▶ [WHAT YOU ARE ASKED TO DO] Extract each line of the material that follows exactly and omit its pictures.

▶ [DATA]
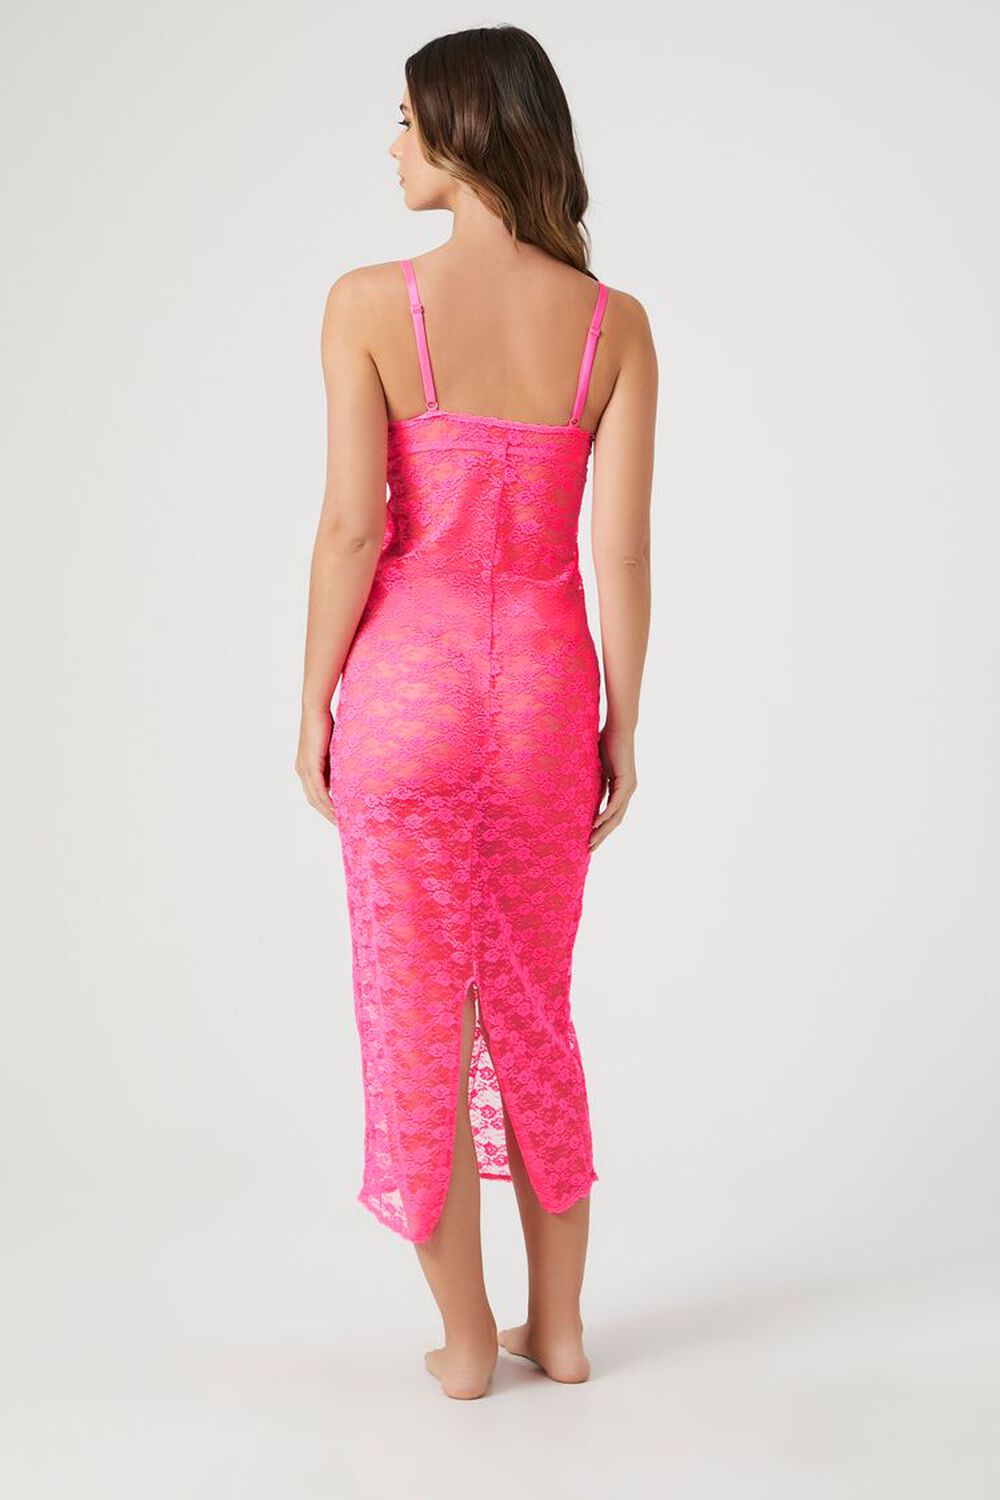 NEON PINK Sheer Lace Lingerie Maxi Slip Dress, image 3
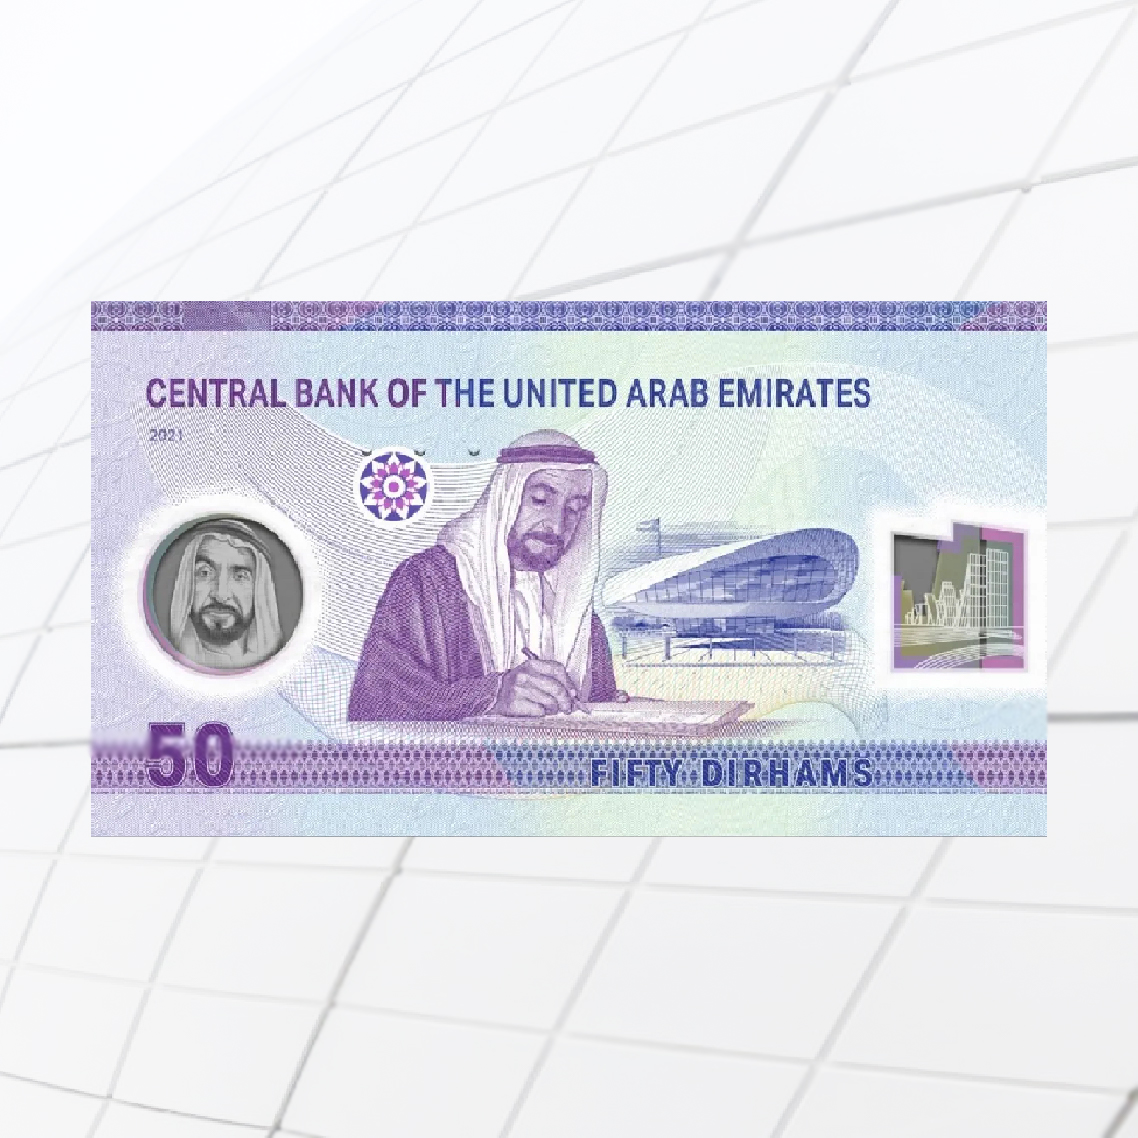 Etihad Museum Featured on UAE Currency
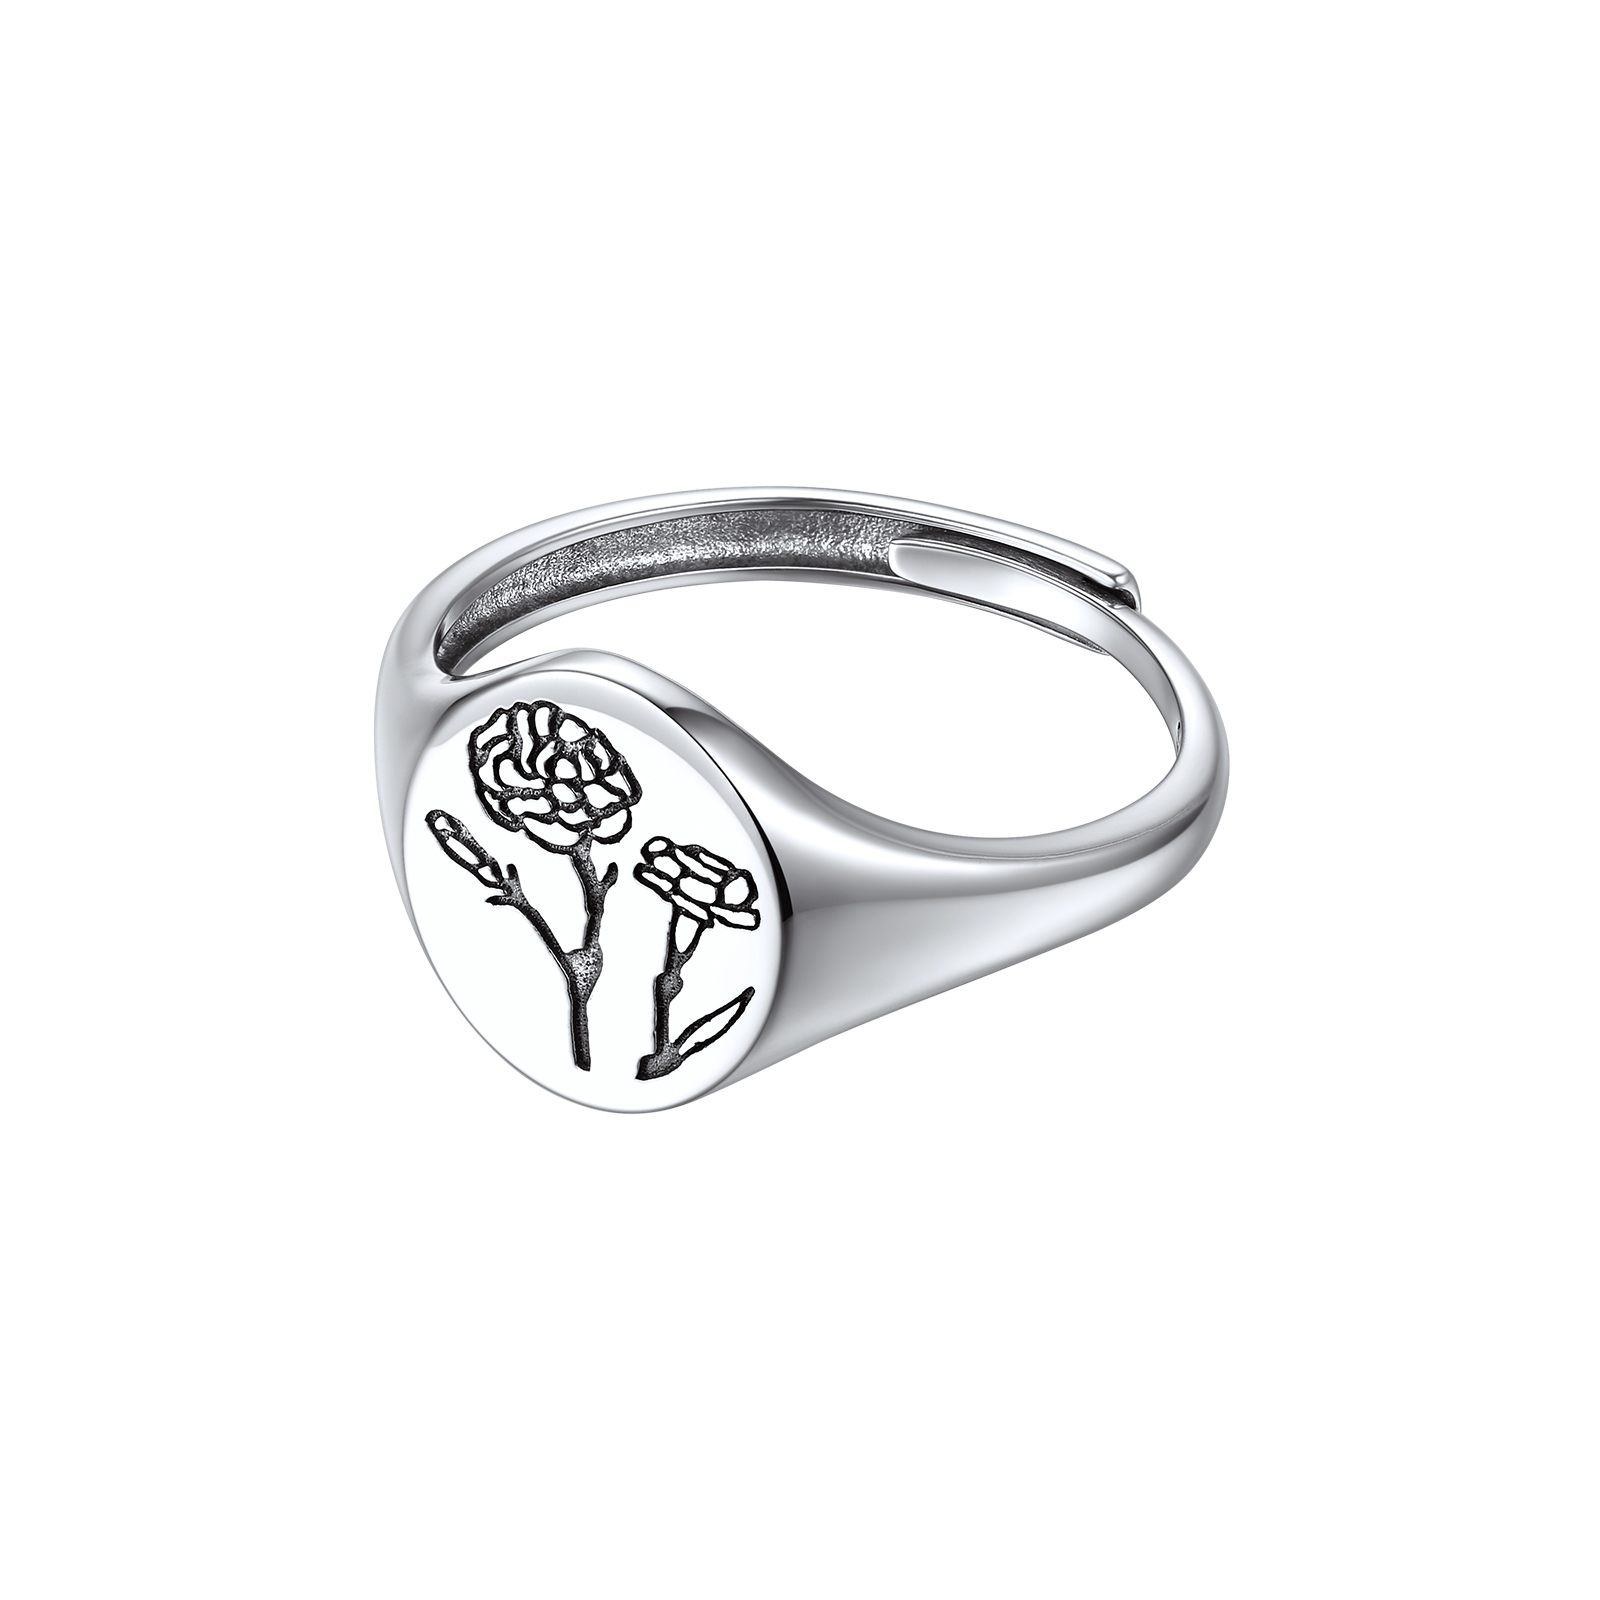 ChicSilver Silver Birth Flower Signet Ring For Women

▶ [ANSWER SPACE]
 NEON PINK Sheer Lace Lingerie Maxi Slip Dress, image 3
 Etihad Museum Featured on UAE Currency
 ChicSilver Silver Birth Flower Signet Ring For Women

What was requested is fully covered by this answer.